Comment 9: In the description of the classifiers, some techniques are described for dichotomous dependent variables (e.g., the logistic regression, line 327, or the confusion matrix in line 376) whereas the membership for 4 classes is predicted. In general, linking more explicitly the techniques to this context would help the reader (e.g., for the decision tree approach, it could be clarified what the Leaf nodes are and what a decision node could look like in this application).

Author Response:  Thank you for this suggestion. we have added some explanations for different techniques. In particular, we have added the text for the decision tree approach, that is:

Here, the decision node represents “Is student performance greater than a certain threshold?" and the branches from that node would lead to different leaf nodes representing different classifications of student knowledge. The decision tree classifier uses these decision nodes to iteratively split the data into subsets, with each split becoming more specific and leading to a more accurate prediction of student knowledge.

 

Comment 10: Line 417: it is not completely clear what the rationale is to add a second stage to the analysis.

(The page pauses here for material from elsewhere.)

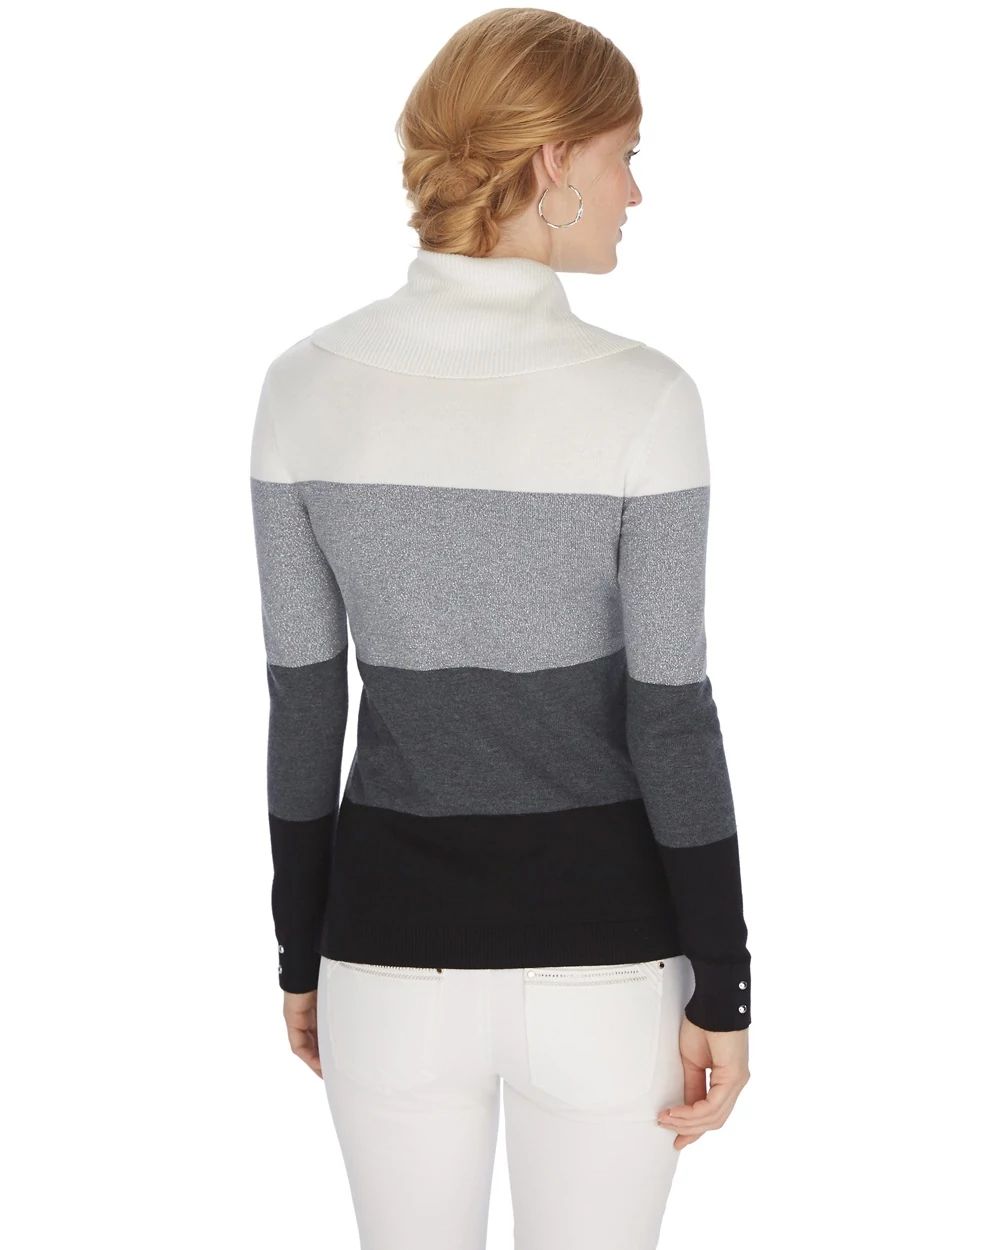 Long Sleeve Colorblock Stripe Pullover click to view larger image.

Author Response:  We appreciate the reviewer’s feedback. We regret this type of error, actually, this is happing due to the wrong placements of figures in the manuscript. We have rearranged the result section in order to eliminate these type of unclarities.

The advantage of performing the second experiment is that it allows for a more efficient use of data by identifying the least correlated variables and removing them from the dataset to create a smaller dataset (Dataset 2). This allows for a more focused analysis and allows the researchers to see the impact of a smaller feature set on the performance of the classifiers. Additionally, by conducting the same experiment on the smaller dataset, the researchers can compare the results and see if there are any discernible changes in prediction accuracy. The results of the second experiment showed that nearly no classifiers exhibit any discernible changes in prediction accuracy with a smaller feature set, which suggests that the time required for related learning objects and the knowledge level corresponding to a goal learning object have less of an impact on the automatic knowledge assessment. This means that automatic knowledge assessment is still feasible without considering how long a student took to study other learning items, and can be done by taking into account additional factors like student repetition rates and time and score related to the goal learning objects.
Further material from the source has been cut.